蒸気入門

  1. スチームトラップの保守管理

     
    1. 保守管理の目的

 

    1. 蒸気システムには必ずスチームトラップが取り付けられていますが、その数は各工場によって異なり、小規模なクリーニング設備や食品工場のように数台~数10台程度のところもあれば、大きな石油精製工場では2万台を超えるところさえあります。稼動時間も、プロセス装置におけるバッチ運転から、季節運転、連続(年中無休)運転等様々です。どのような機械でも使用の過程で性能が低下し、故障に至りますが、殊にスチームトラップの場合は、圧力が優に大気圧を超え、温度も優に 100℃を超えるところで使用されるのが殆どであり、極めて過酷な環境下で使用される機械といえます。

       

      スチームトラップの不良は、次の2つに大別できます。

       
      • 蒸気漏れ

      • 詰り(閉塞)

 

 

    1. 蒸気漏れ

 

 

弁部が流体によってエロ―ジョン(浸食)されて閉弁時に隙間が生じ、そこから 蒸気が流出する不良です。一旦蒸気漏れが生じると、高いエネルギーを持つ蒸気 が弁部の隙間を高速で通過するために劣化が進行していきます。また、配管内の 小さなゴミ等の噛み込みにより弁が閉まらなくなって蒸気漏れが生じる場合もあ ります。

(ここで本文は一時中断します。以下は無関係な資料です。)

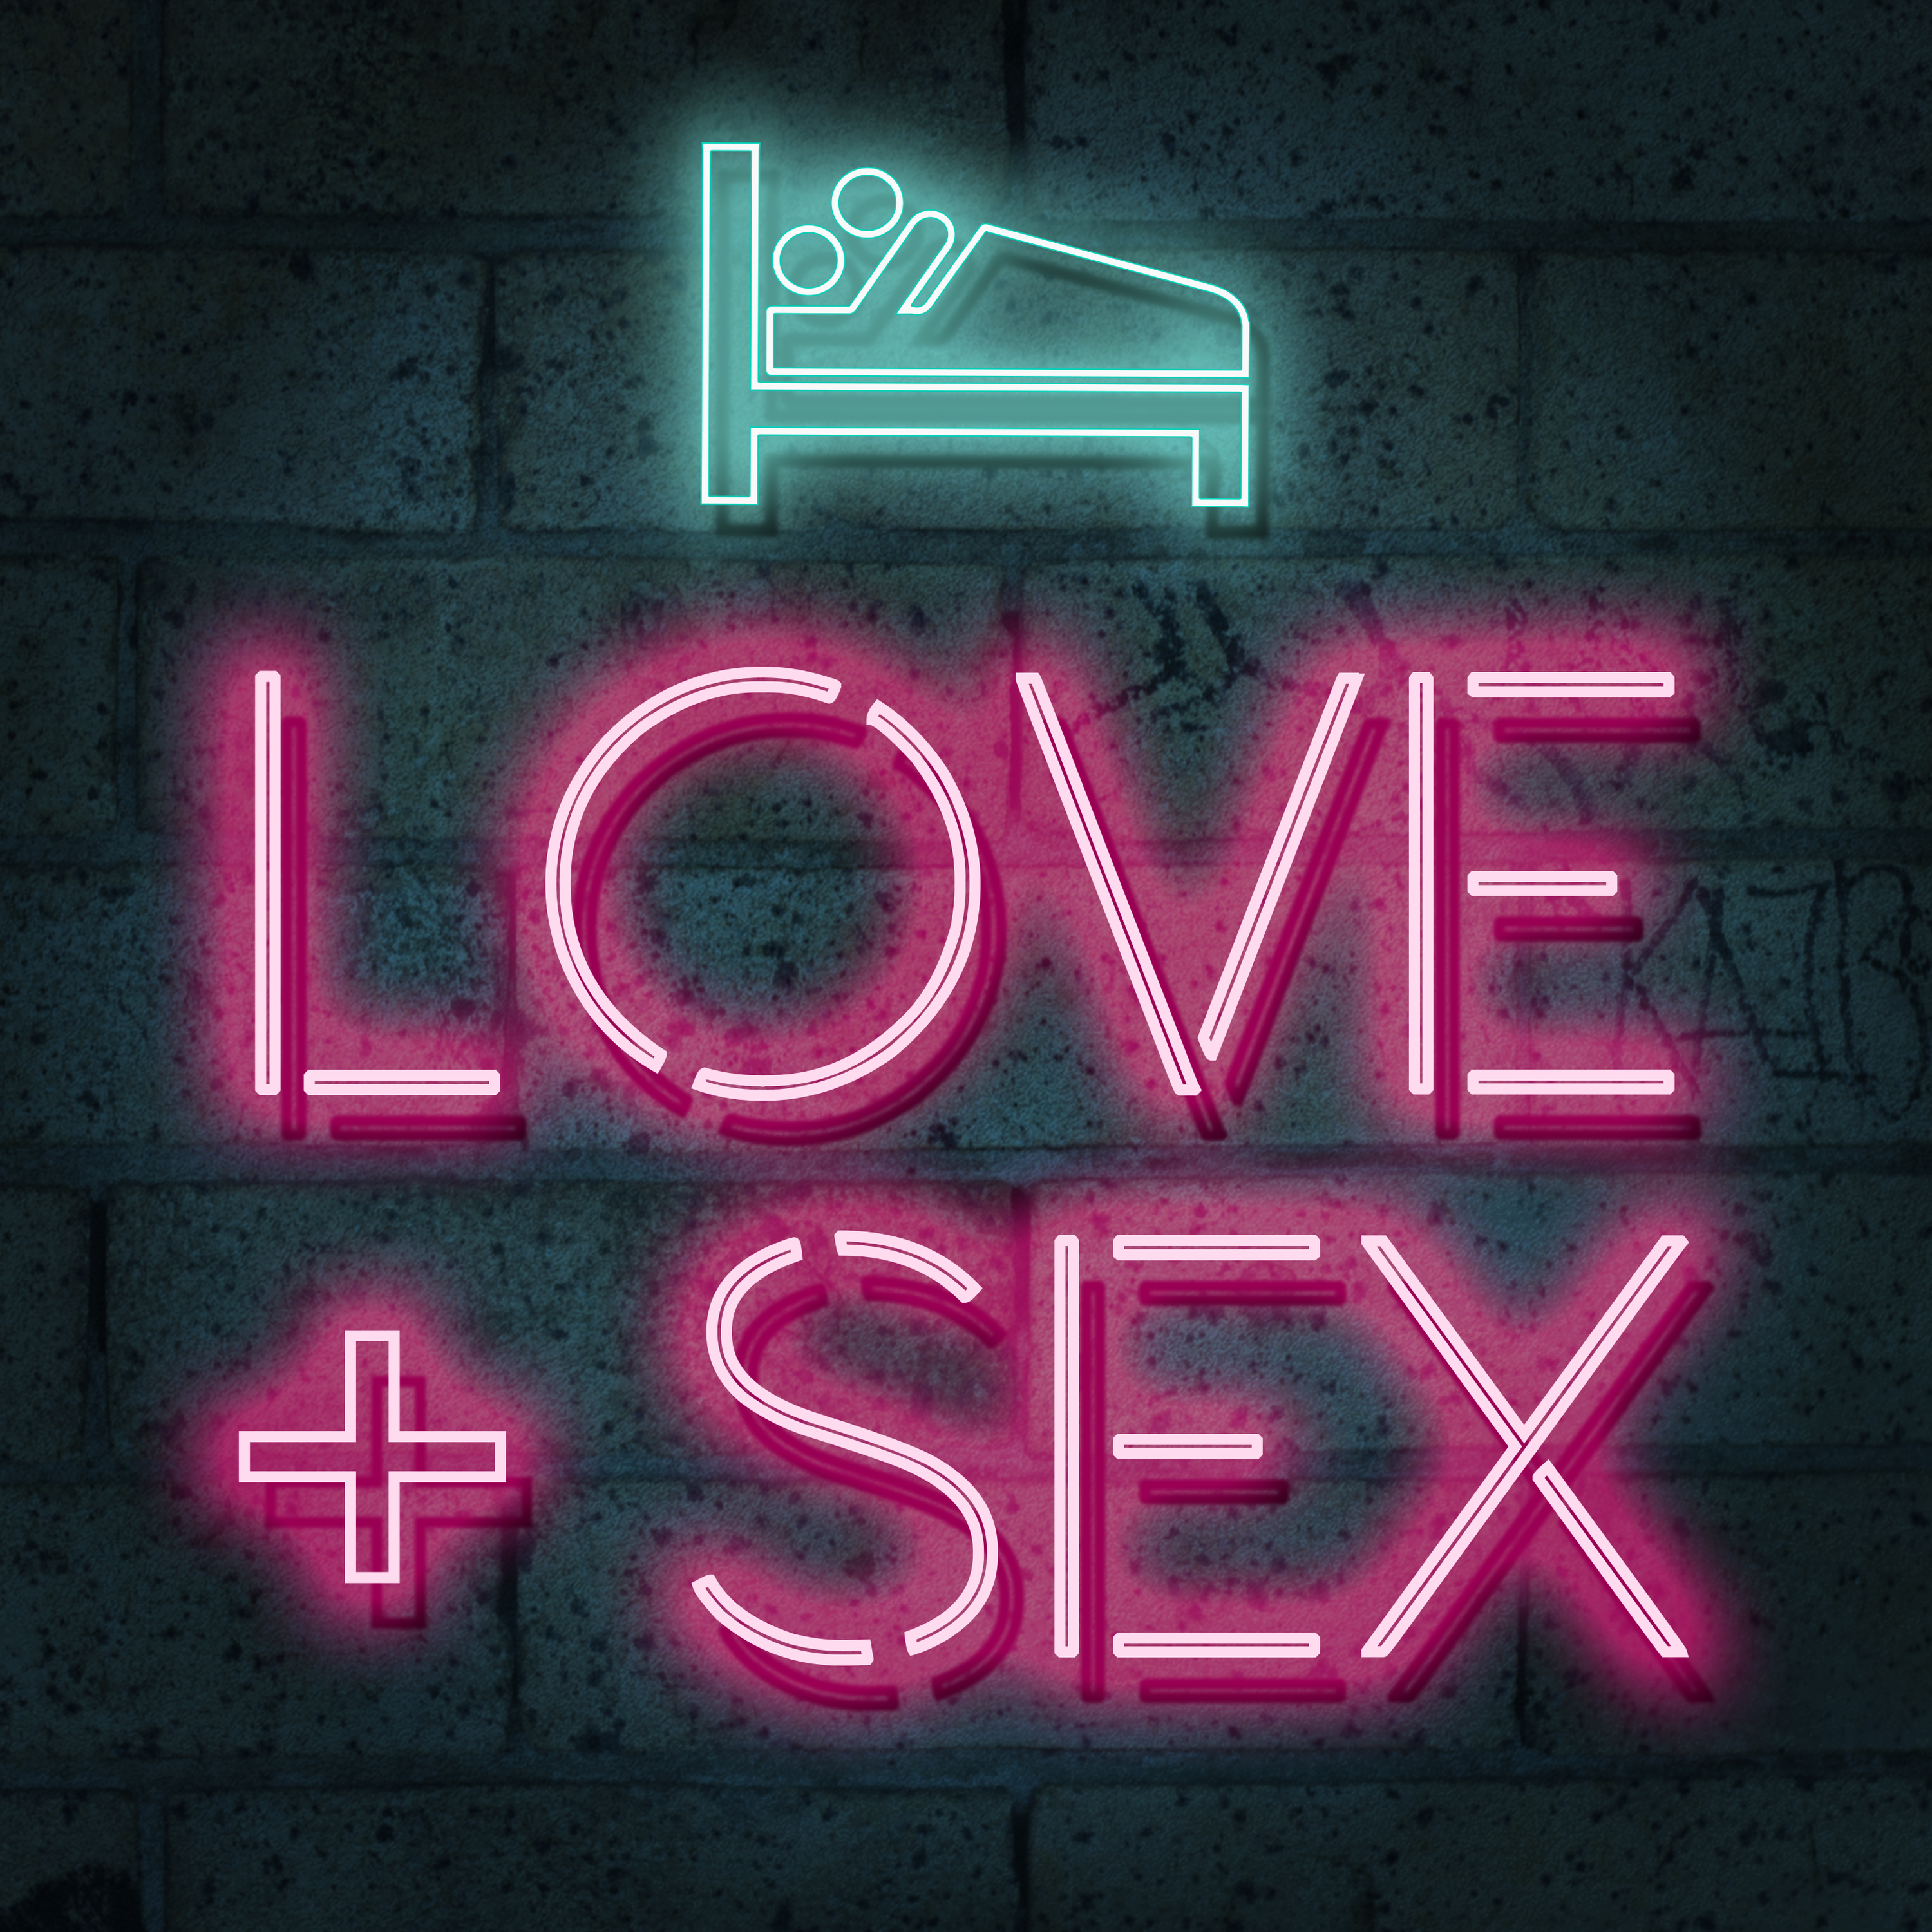 More Of Your Most Pressing Sex Questions, Answered

この場合は、急に蒸気漏れが生じて弁部劣化がそのまま進行する場合と、 復水排出時に噛みこんだゴミ諸共吹き流されて正常作動に戻る場合とがあります。

 

 

    1. 詰まり

 

 

逆に開弁しなくなる不良で、配管内のスケール等が弁部に堆積したり、ストレーナを内蔵している場合はそのスクリーンがゴミやスケールで目詰まりするのが主な原因です。完全に詰まる(閉塞)と、復水がそのままスチームトラップ一次側の装置内に溜まり、装置の機能障害を招いたり、ウォーターハンマを引き起こす原因になります。

 

 

このように、スチームトラップの不良は蒸気を無駄に失うほか、装置等の性能低下や故障による生産効率の低下を招くため、定期的に診断することで不良トラップを修理交換していく必要があります。スチームトラップの保守管理がなされていない工場では、設置されている総トラップ数の 30~40%が不良化していると言われています。逆にしっかり管理すれば、不良率を 3%~5%に抑えることが可能です。この差は、蒸気漏れによる損失だけを見ても、トラップの設置台数が多い大規模工場では、年間に数千万円から一億円以上に至ります。

 

定期点検は、年に一度、工場全体のトラップを総診断するのが一般的です。